Supposed carbon activist and truly totally daft, Gregor Robertson of the “Vision” party running Vancouver can’t afford his $5 billion (estimated) subway line taking up to 20 years to reach UBC and needs to lower his expectations to build what we can afford: tram or LRT line taking 20 months to reach UBC. I’m sick of this idiot talking climate change and pretending to be concerned about the environment. He’s not a member of the Green party. I am.
Mayor Gregor Robertson of Vancouver can shut his trap about climate change until he removes the carbon emitting diesel buses running underneath electric trolleybus lines on Broadway in Vancouver.
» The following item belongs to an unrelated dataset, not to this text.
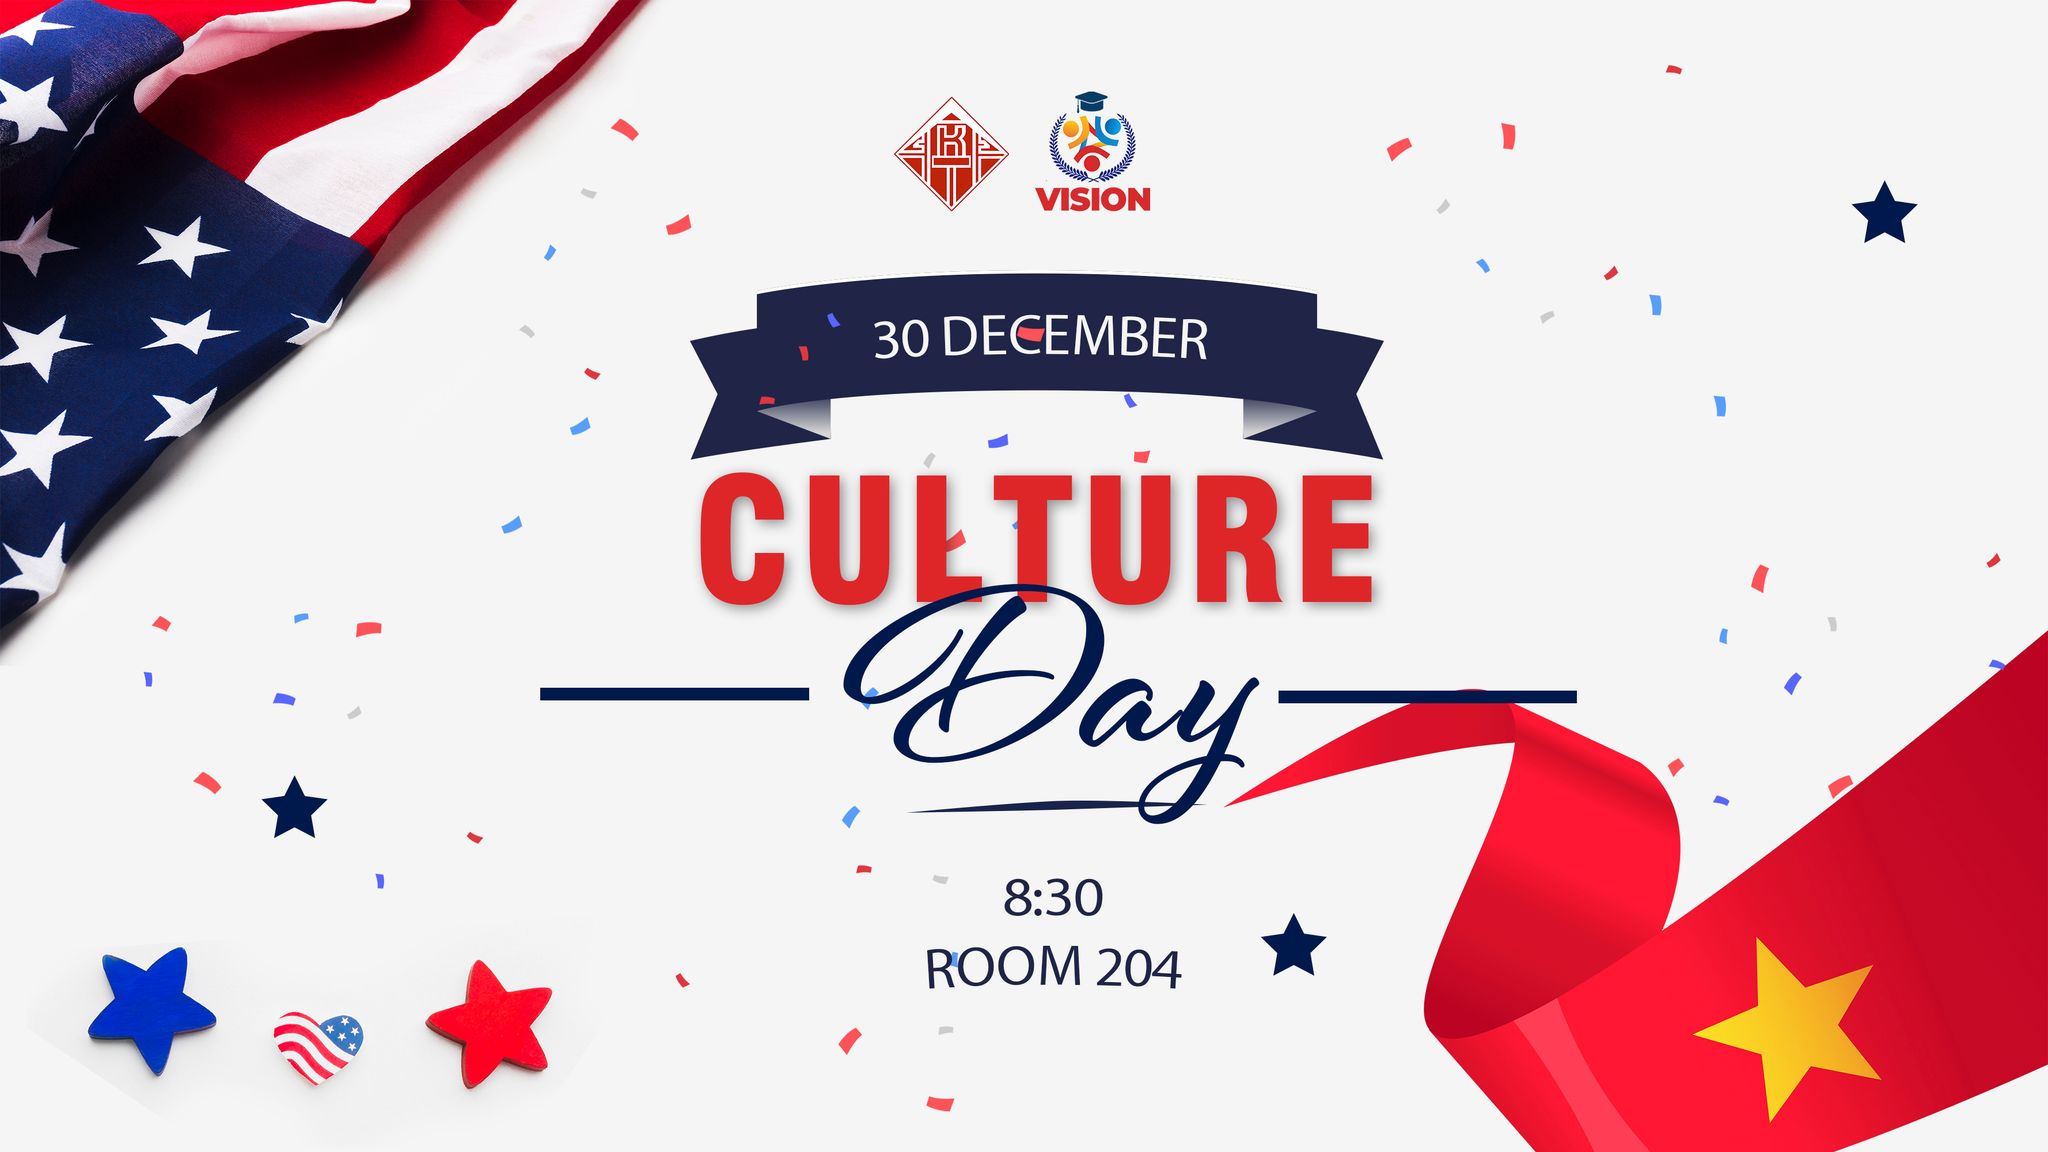 Chương trình giao lưu văn hóa Culture Day 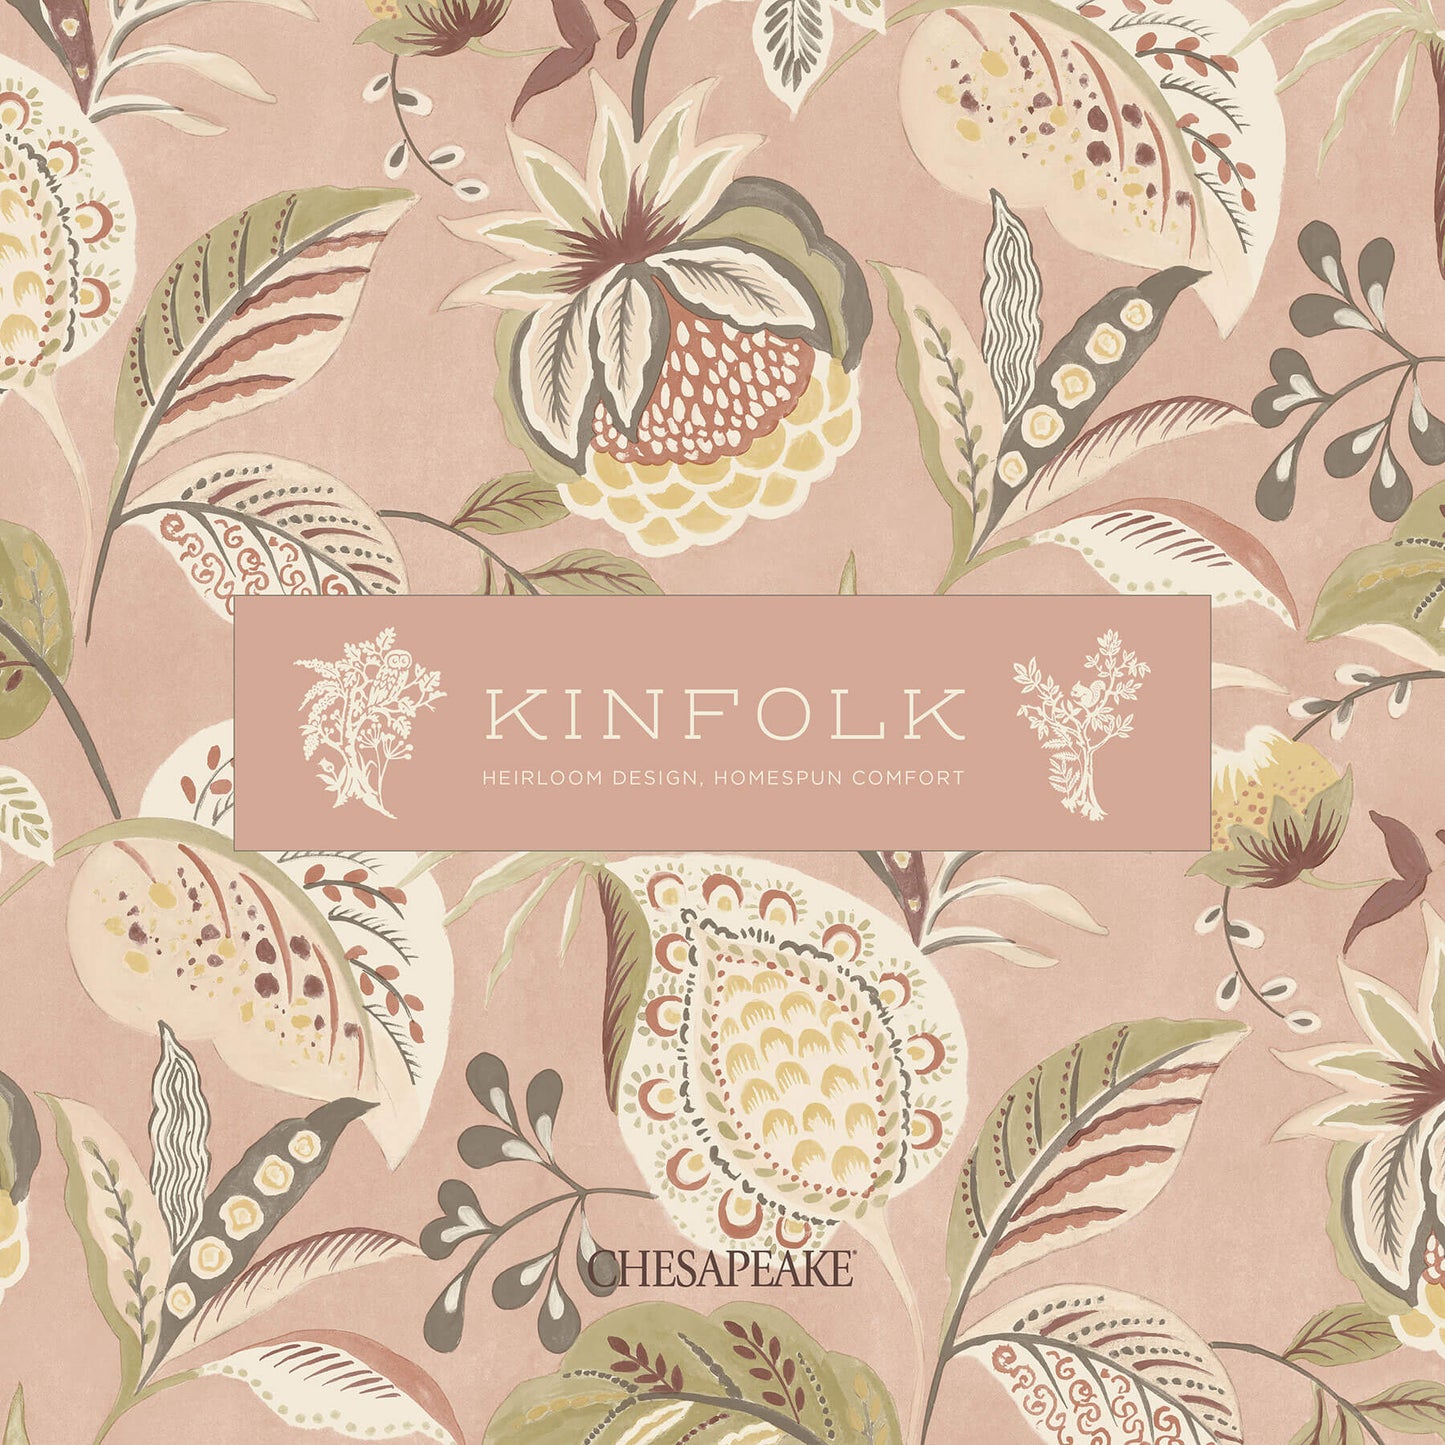 Chesapeake Kinfolk Zalipie Floral Trail Wallpaper - Lime

This dork is out globetrotting to talk about carbon emission reductions and he can’t get his act together in Vancouver. He’s a hypocrite and sham.
http://www.cbc.ca/news/politics/trudeau-first-ministers-meet-climate-change-1.3331290
Really though, I’m not necessarily in favour of more federal spending for public transit which is really the responsibility of municipalities. Personally, I’d rather see federal spending go towards, shipbuilding for the Canadian Navy and airplanes for the Canadian Air Force as well as to universities and health care.